Supplied information:
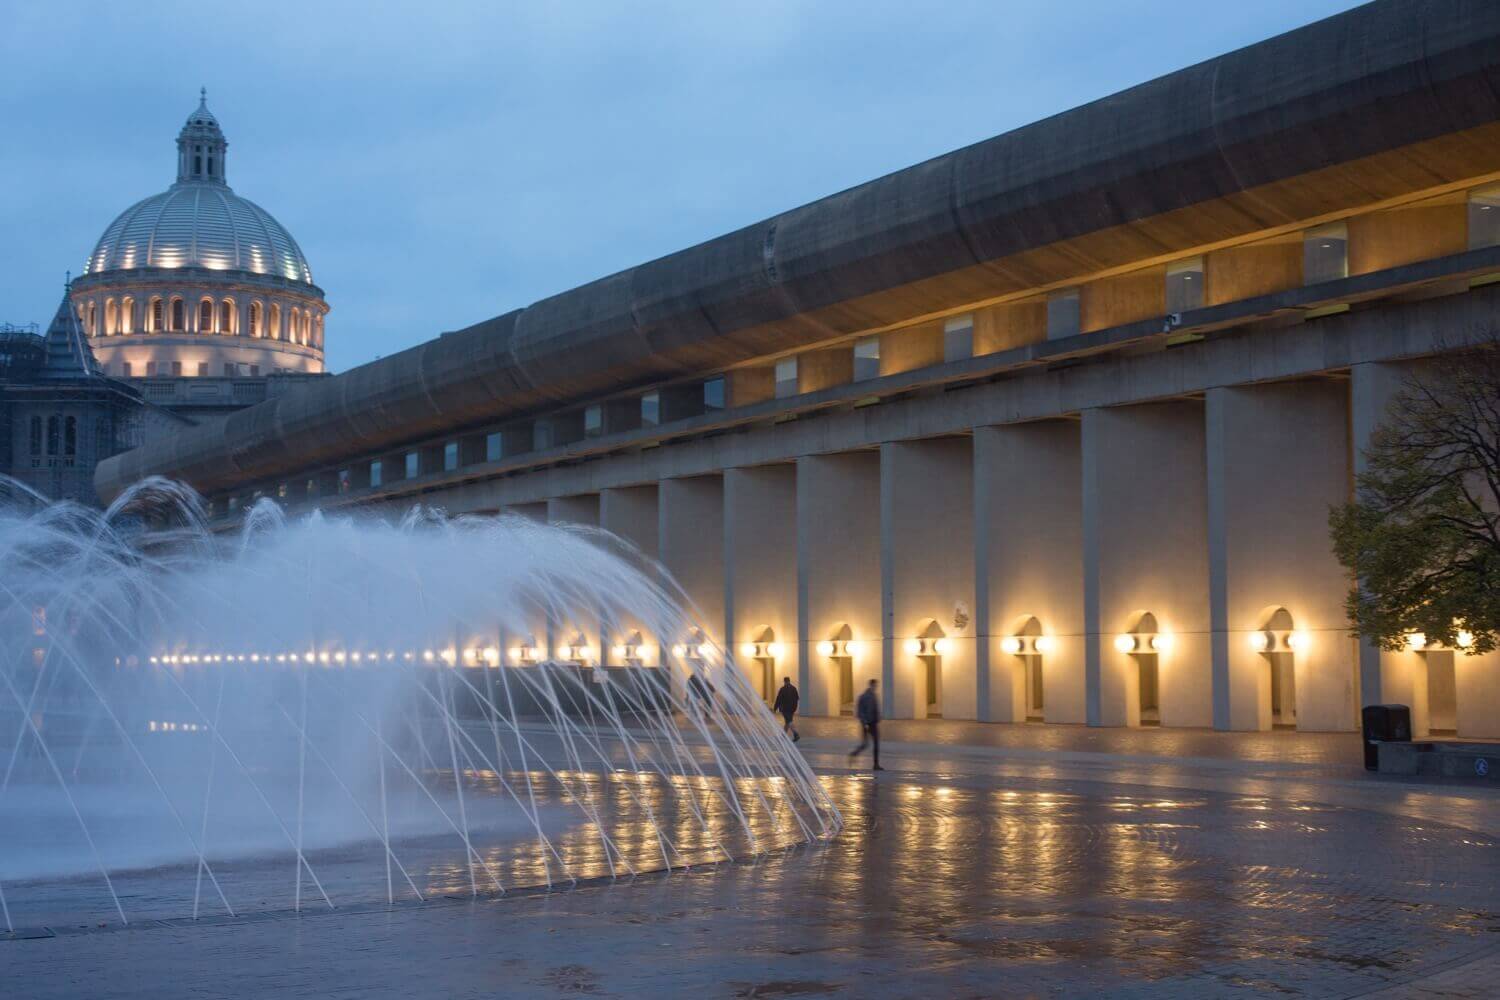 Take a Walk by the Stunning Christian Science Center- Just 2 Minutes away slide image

* * *

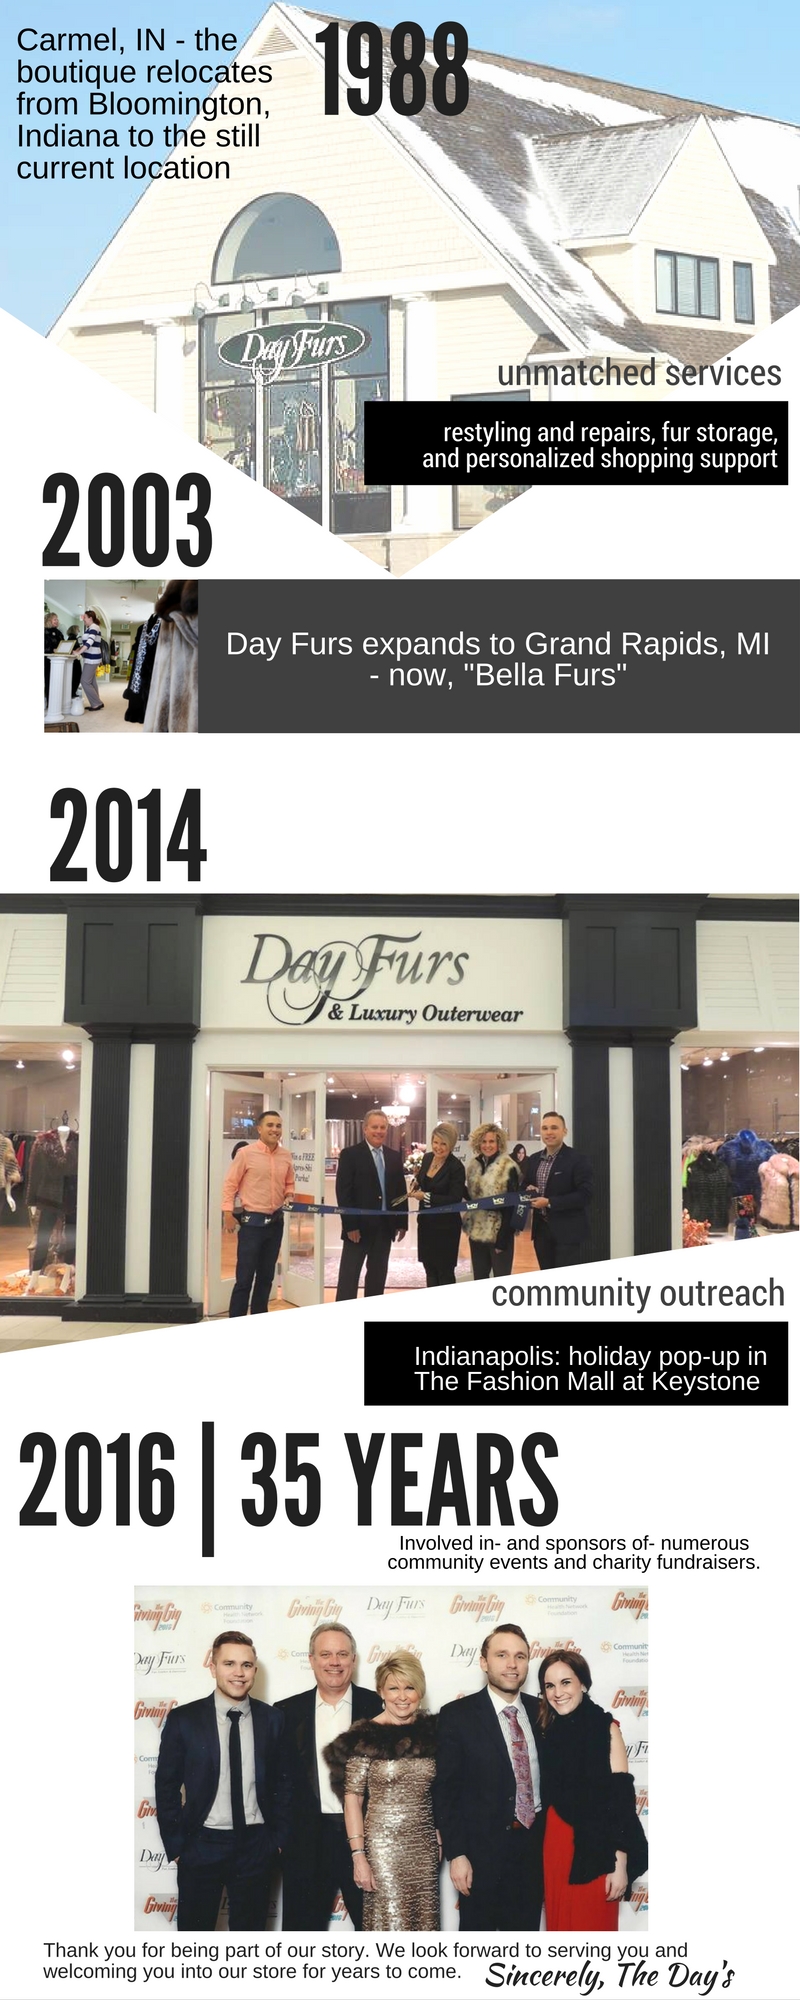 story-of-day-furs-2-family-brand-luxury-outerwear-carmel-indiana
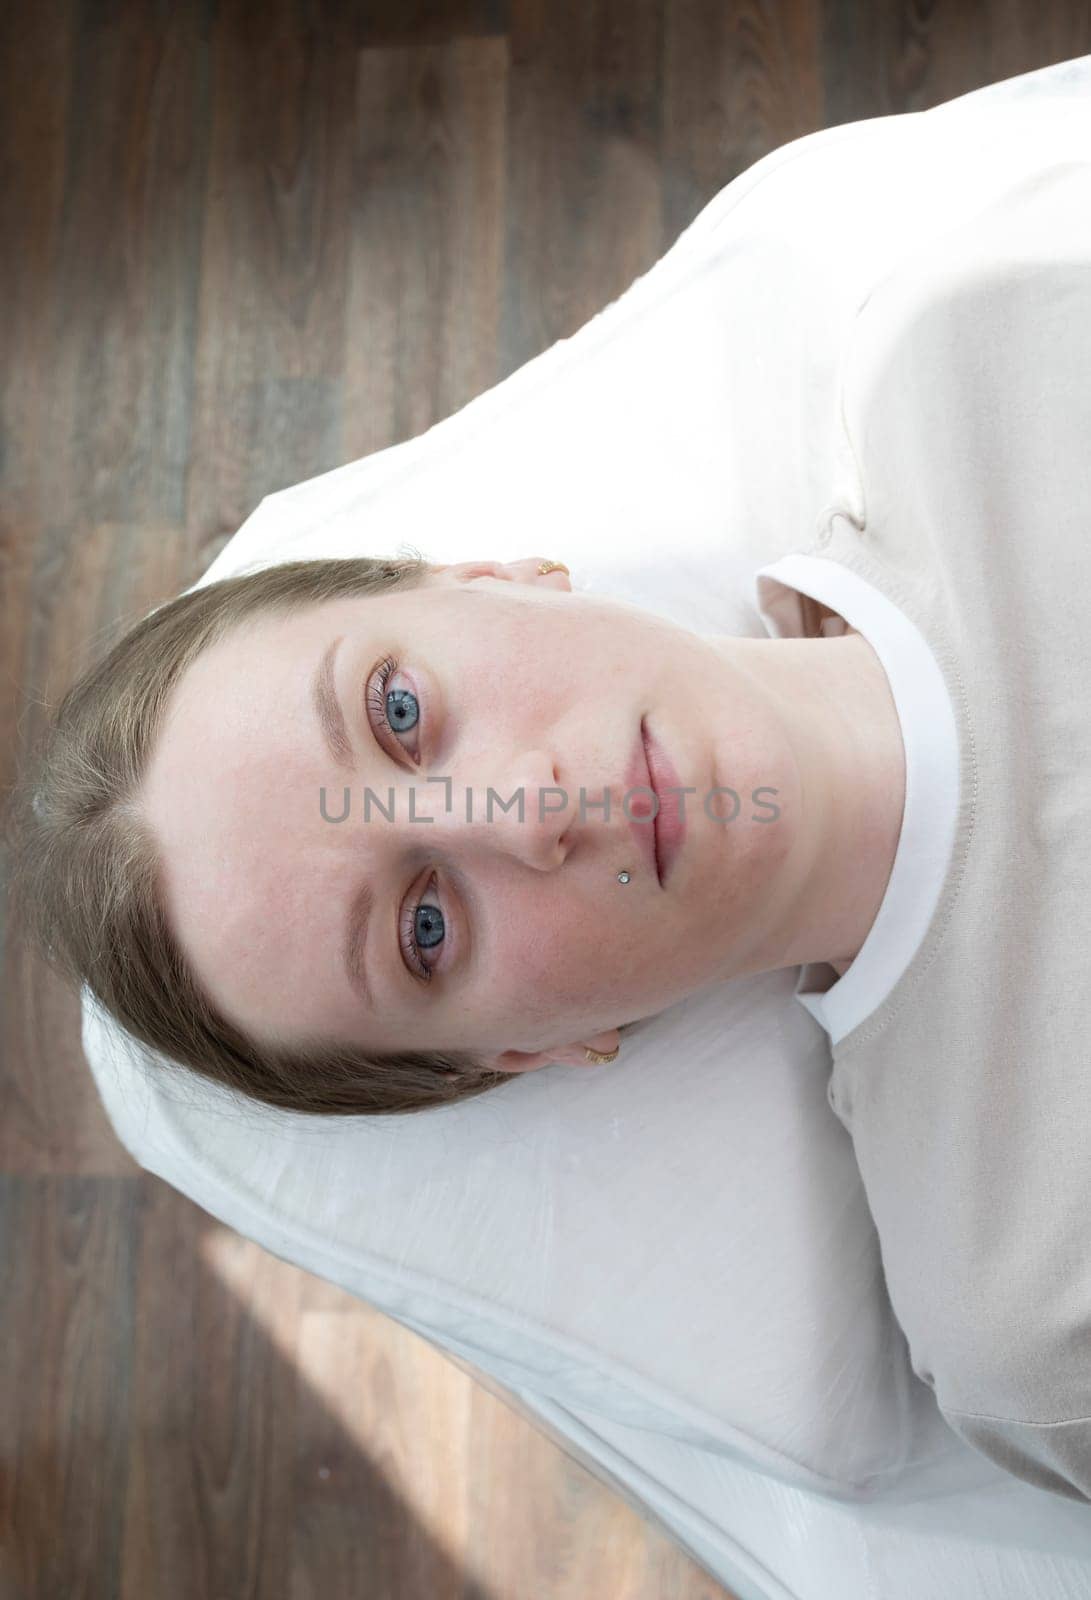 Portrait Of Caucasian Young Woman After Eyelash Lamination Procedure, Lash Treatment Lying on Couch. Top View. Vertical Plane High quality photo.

---

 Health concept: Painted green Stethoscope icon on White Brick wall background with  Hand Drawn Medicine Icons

Directions:
The lines to set down run from the line with "story-of-day-furs-2-family-brand-luxury-outerwear-carmel-indiana" up to and including the line with "Portrait Of Caucasian" in the entries above. Reproduce them exactly, with no pictures.

Answer for the task:
 story-of-day-furs-2-family-brand-luxury-outerwear-carmel-indiana
 Portrait Of Caucasian Young Woman After Eyelash Lamination Procedure, Lash Treatment Lying on Couch. Top View. Vertical Plane High quality photo.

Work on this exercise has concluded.